The various videos as "Willi Memes" or "Willi wills Wissen Memes" achieved widespread popularity due to the statements made by Willi Weitzel, including possible sexual innuendos, black humor and, in particular, jokes against children and other people in wheelchairs (episode 126 "Was geht im Rollstuhl?"). The context of the statements was not or only incompletely recognizable.

The rapper Manuellsen then published a video in which he insulted the host of the show as a "son of a bitch". Weitzel then published a statement on Facebook in which he wrote that those who are outraged by the film clips and see discrimination in the videos fell for those who tore the videos out of context.

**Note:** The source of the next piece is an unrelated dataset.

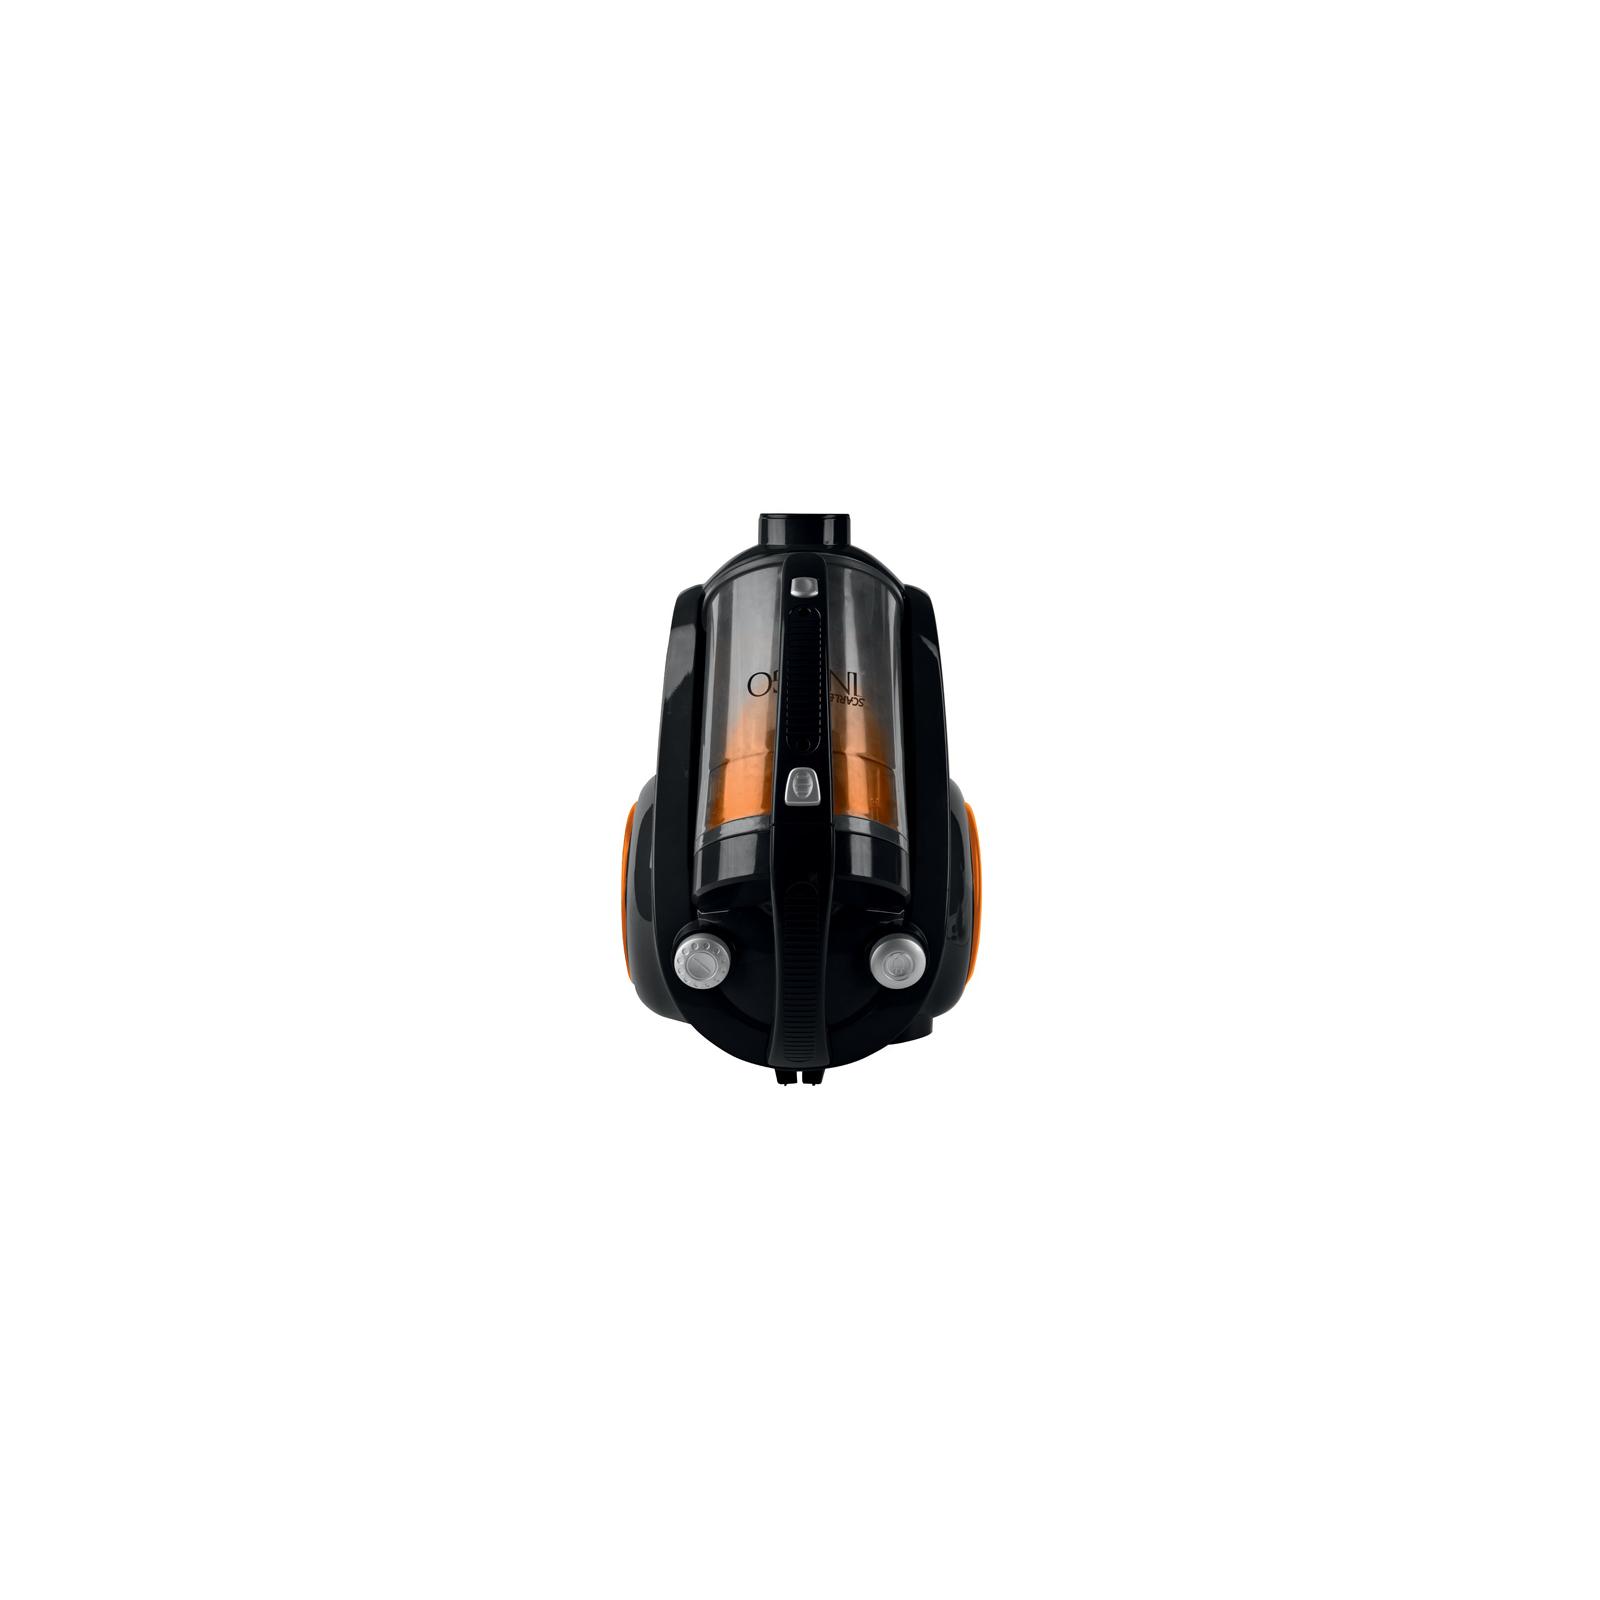 Пылесос SCARLETT IS-580 изображение 2

==Gute Frage, nächste Frage!==
Since 11 October 2006, the series Gute Frage, nächste Frage! has been broadcast as a three to four-minute gap filler, in which Willi answers questions in a studio that children have asked him by letter or e-mail. With experiments, graphics or film clips, the reporter provides short and concise explanations.

==Willi und die Wunder dieser Welt==
In 2008 Weitzel shot the film Willi und die Wunder dieser Welt in Australia, Algeria, Tokyo, the Canadian Arctic and in Germany. The adventure film was released on 5 March 2009 and was the most successful German documentary film of 2009 with around 450,000 admissions.

==Von A–Z==
The format Willi wills wissen von A–Z has existed since 2010. In the ten-minute episodes, terms are explained for each letter of the alphabet by showing excerpts from Willi wills wissen. A random letter generator determines at the beginning of each sequence which letter it is about. With "H", for example, Willi goes to a wedding (German Hochzeit), looks around a chicken farm (German Hühnerhof), tries on lumberjack trousers (German Holzfällerhose) or finds out a lot about rabbits (German Hasen).

==Awards==
2003
- Emil of the television magazine TV Spielfilm for the episodeWie ist das mit dem Tod?
- Bayerischer Fernsehpreis
- Erich-Kästner-Fernsehpreis for the episode Wie ist das mit dem Tod?

2004
- Robert-Geisendörfer-Preis of the Evangelical Church for the episodes Was heißt hier eigentlich behindert? and Was ist ohne Obdach los?
- Journalistenpreis from the Diakonie Baden und Württemberg for the episode Was heißt hier eigentlich behindert?

2006
- Das Silberne Pferd, Media award from the deutscher Reiter- und Fahrerverband (DRFV) for the episode Wo zeigen Pferde was sie können?

2007
- HEUREKA Journalistenpreis for the episode Was geht im Rollstuhl?

2010
- Adolf-Grimme-Preis for the episode Wie macht der Künstler Kunst?